> [WORK TO BE COMPLETED] In the entries below, find the line with "Ana Bonilla Women's" and the line with "Rajesh Pahapale"; reproduce those two lines and all lines between them exactly, without pictures.

> [ENTRIES PROVIDED]

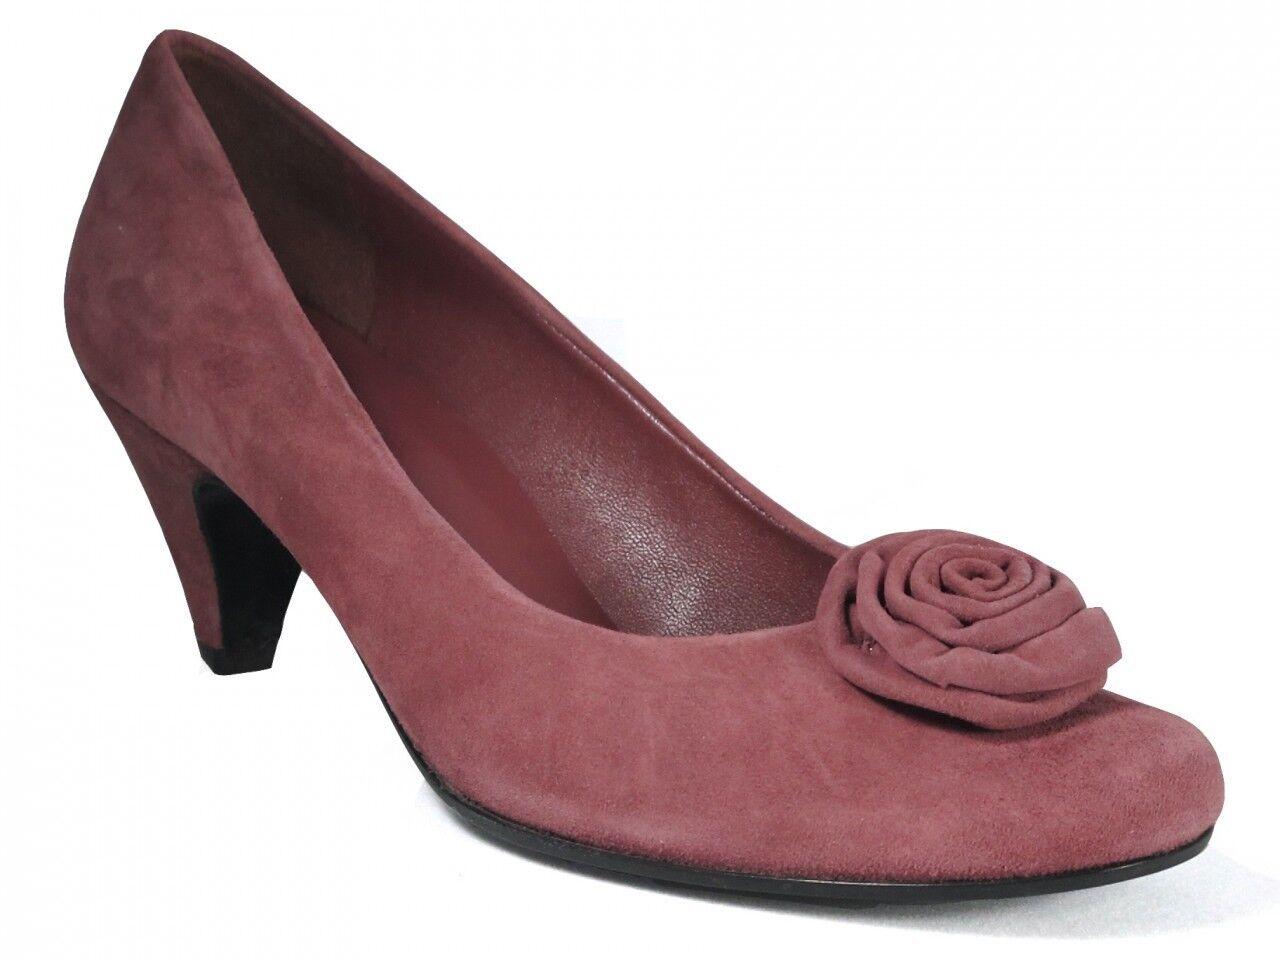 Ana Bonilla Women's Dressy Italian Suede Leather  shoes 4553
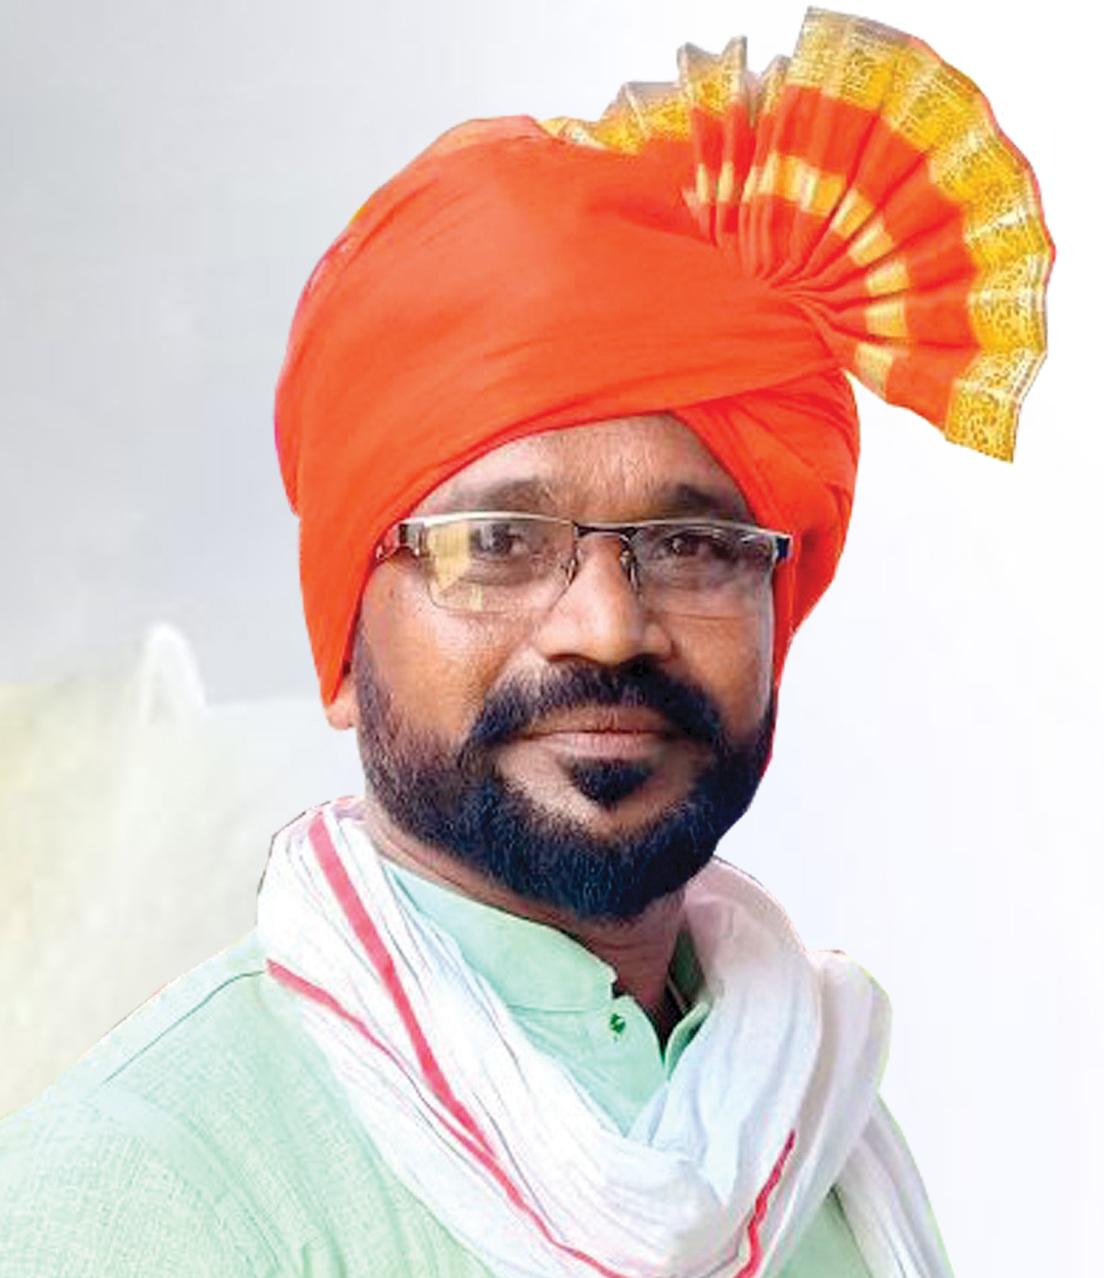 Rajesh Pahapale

==

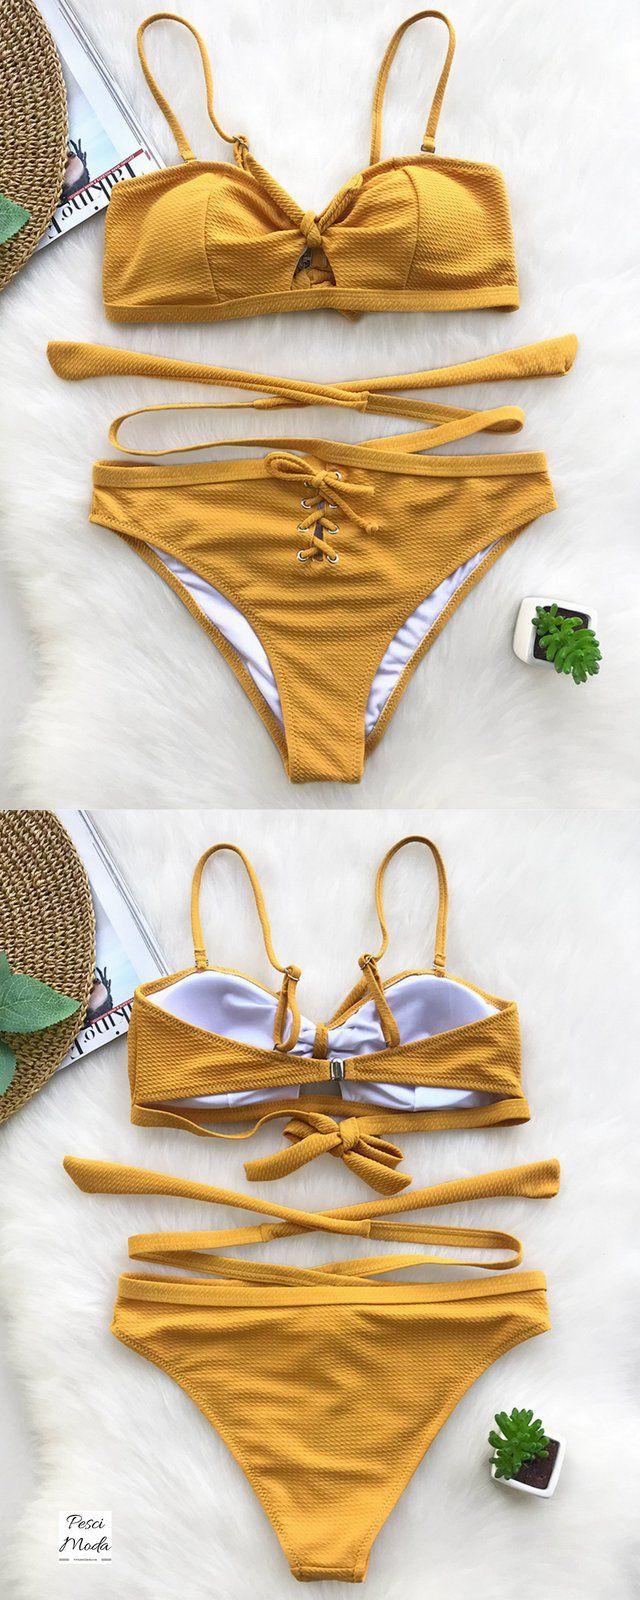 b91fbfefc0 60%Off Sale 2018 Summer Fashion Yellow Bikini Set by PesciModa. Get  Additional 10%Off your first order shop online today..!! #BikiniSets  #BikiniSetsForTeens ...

---

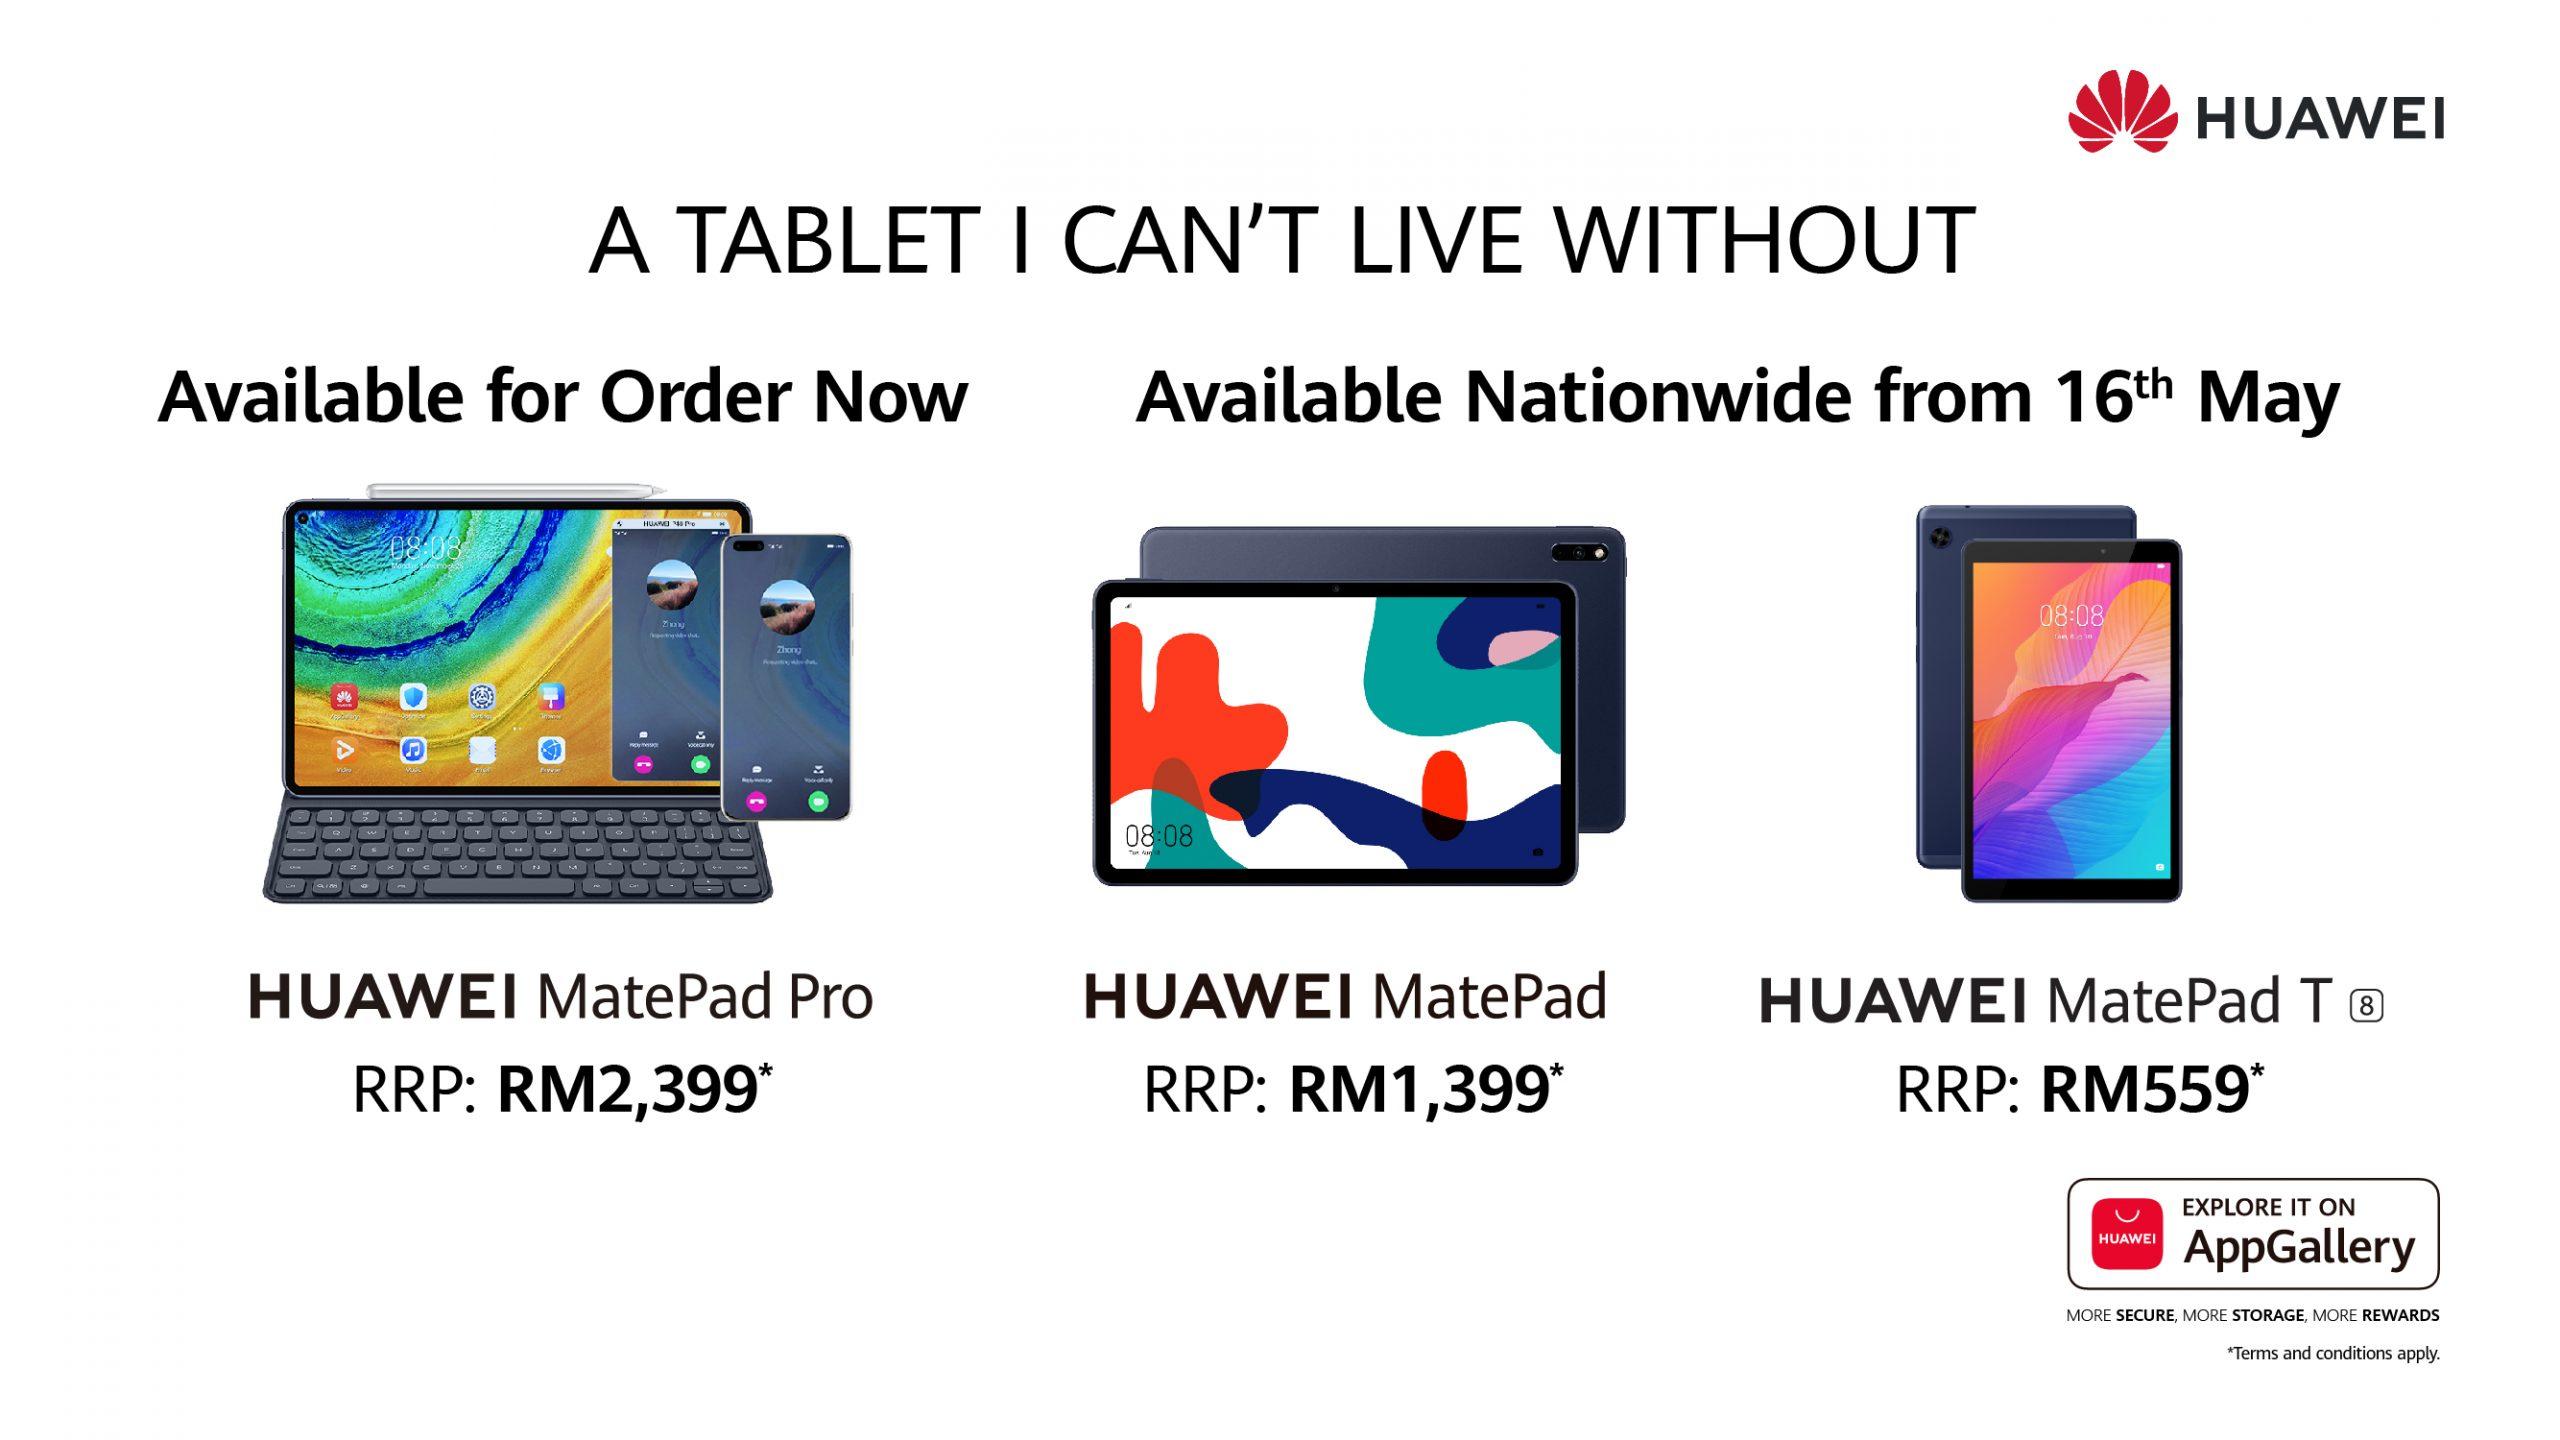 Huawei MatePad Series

> [ANSWER FOR THE TASK]
 Ana Bonilla Women's Dressy Italian Suede Leather  shoes 4553
 Rajesh Pahapale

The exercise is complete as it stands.